Symphonia is a genus of tropical woody plants, specifically trees in the family Clusiaceae. The genus has its diversity center in Madagascar and one species (Symphonia globulifera) disjunct in the Afrotropic and the Neotropic in the Amazon Rainforest.

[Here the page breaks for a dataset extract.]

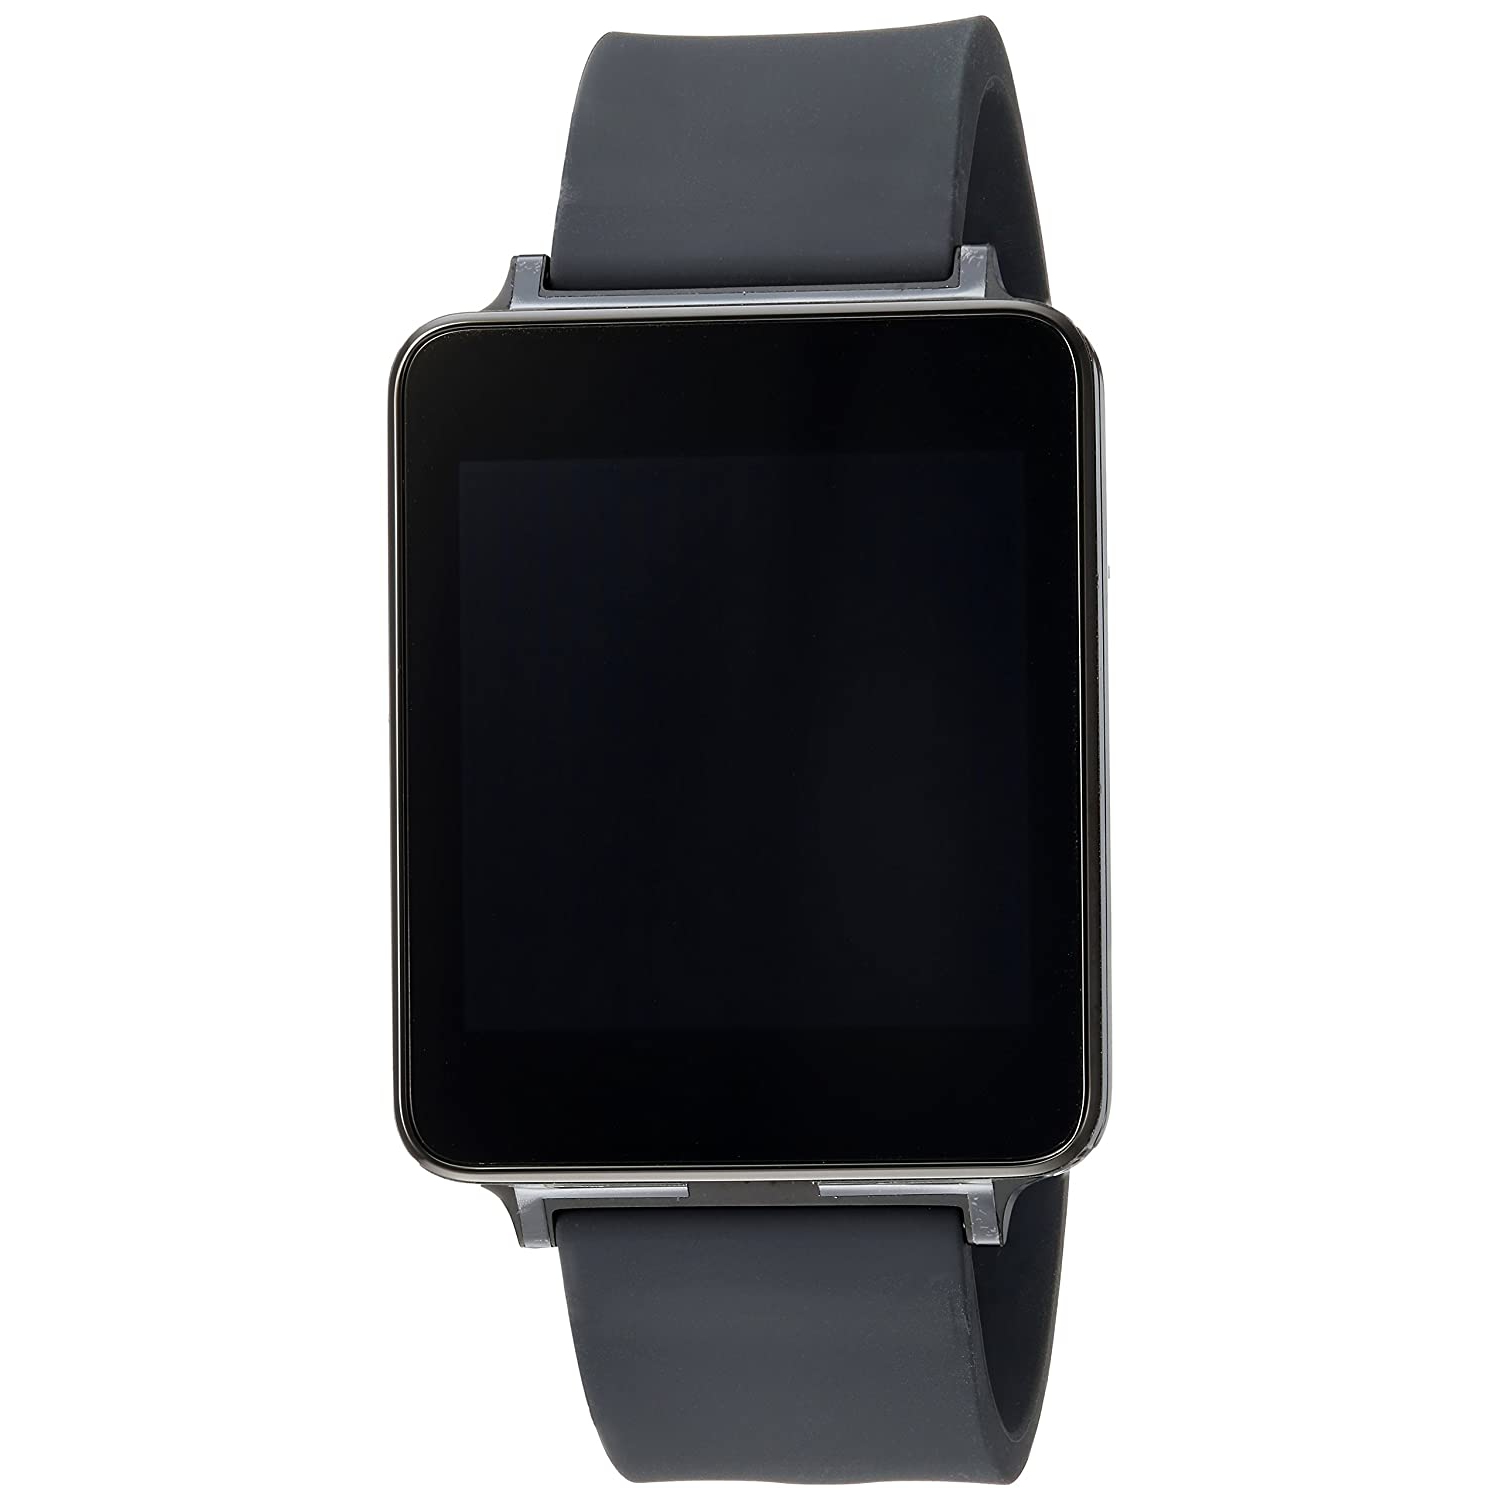 Refurbished (Good) - LG G Watch W100 smartwatch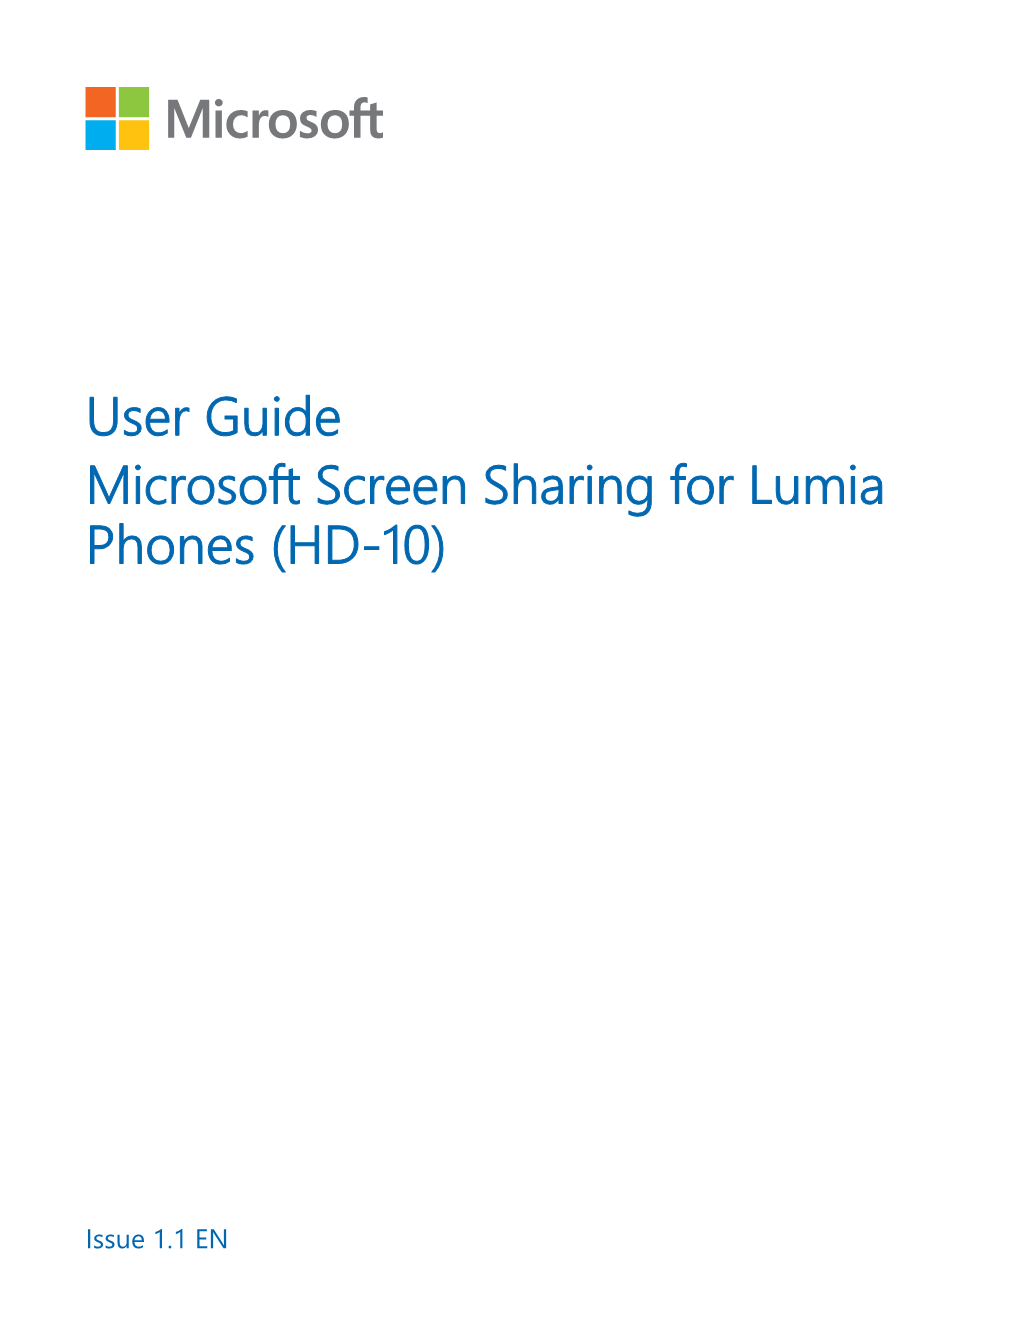 Microsoft Screen Sharing for Lumia Phones (HD-10)

Because of this particular distribution pattern, the origin of the genus is controversial:  two hypotheses have been proposed, one suggesting an Amazon origin, the other a Madagascar origin.

Species
, The Plant List accepts 15 species:

Symphonia eugenioides Baker
Symphonia fasciculata (Noronha ex Thouars) Vesque
Symphonia globulifera L.f.
Symphonia gymnoclada (Planch. & Triana) Benth. & Hook.f. ex Vesque
Symphonia lepidocarpa Baker
Symphonia linearis H.Perrier
Symphonia louvelii Jum. & H.Perrier
Symphonia microphylla (Hils. & Bojer ex Cambess.) Benth. & Hook.f. ex Vesque
Symphonia nectarifera Jum. & H.Perrier
Symphonia oligantha Baker
Symphonia pauciflora Baker
Symphonia sessiliflora H.Perrier
Symphonia tanalensis Jum. & H.Perrier
Symphonia urophylla (Decne. ex Planch. & Triana) Benth. & Hook.f. ex Vesque
Symphonia verrucosa (Hils. & Bojer ex Planch. & Triana) Benth. & Hook.f.